Oil a square of parchment paper, place the oiled side on top of the cookie dough ball and press with something flat to flatten the cookie evenly. I am using the back of a measuring cup, but a smooth bottom glass works too. Press into a 0.2-inch thick cookie so the edges and top will crisp more and the center stays moist.
Bake the cookies in the center rack of the oven for 18-22 minutes at 350 °F (180 °C) until golden-brown on the edges.

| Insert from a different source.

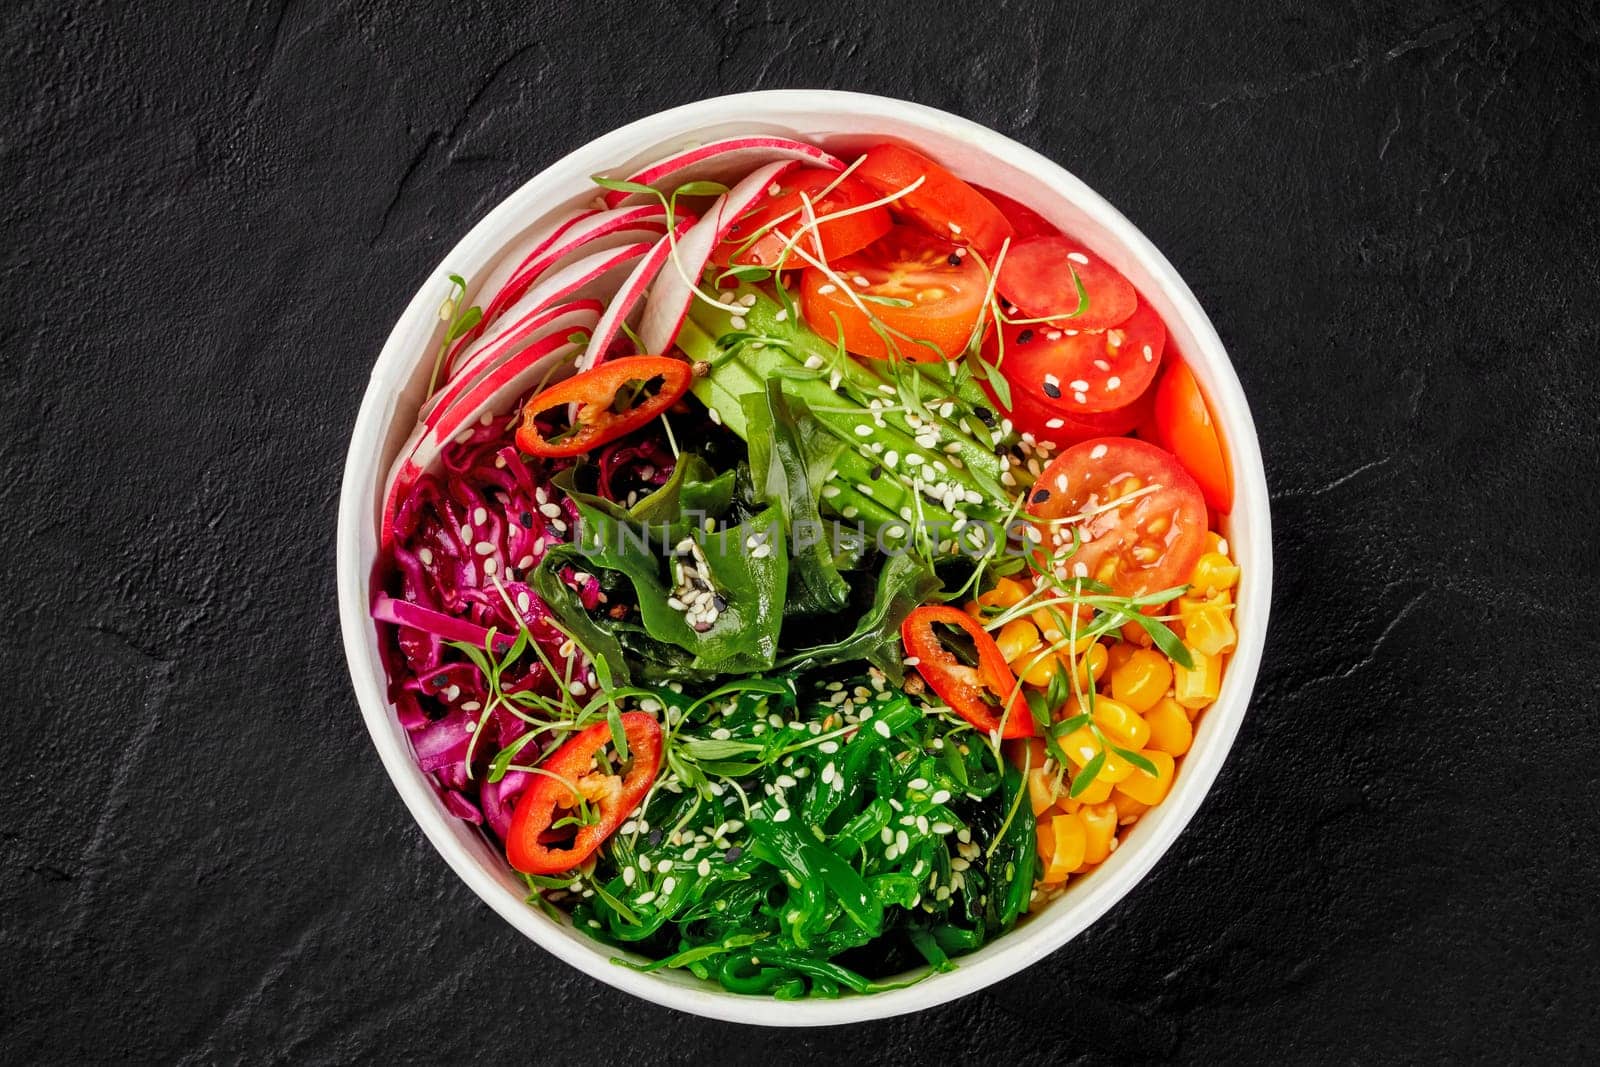 Colorful vegan poke bowl with vegetables, seaweed, and sesame by nazarovsergey

Let them cool down on the baking sheet for 20 minutes at room temperature, without touching the cookies. They firm up as they cool down.
Notes
Note 1: I don't recommend rolled oats, it makes the cookie dough fragile and it doesn't firm up well. That's why I recommend a finer version of oats called quick oats. You can also make it yourself, pulse rolled oats a few times in a food processor to form a thinner texture, and use them in the recipe as quick oats. Use gluten-free certified oats if needed.Note 2: Or mashed banana.Note 3: Any nut butter works, including unsalted peanut butter, cashew butter, or sunflower seed butter for a nut-free option.Note 4: Any syrup works, apple syrup adds an extra apple flavor, but feel free to use maple syrup or agave syrup.Note 5: Or chopped pecans, almonds, or sunflower seeds for a nut-free option.Storage: Store the cookies in the fridge, in an airtight container for up to 4 days, or freeze in Ziploc bags for up to 1 month.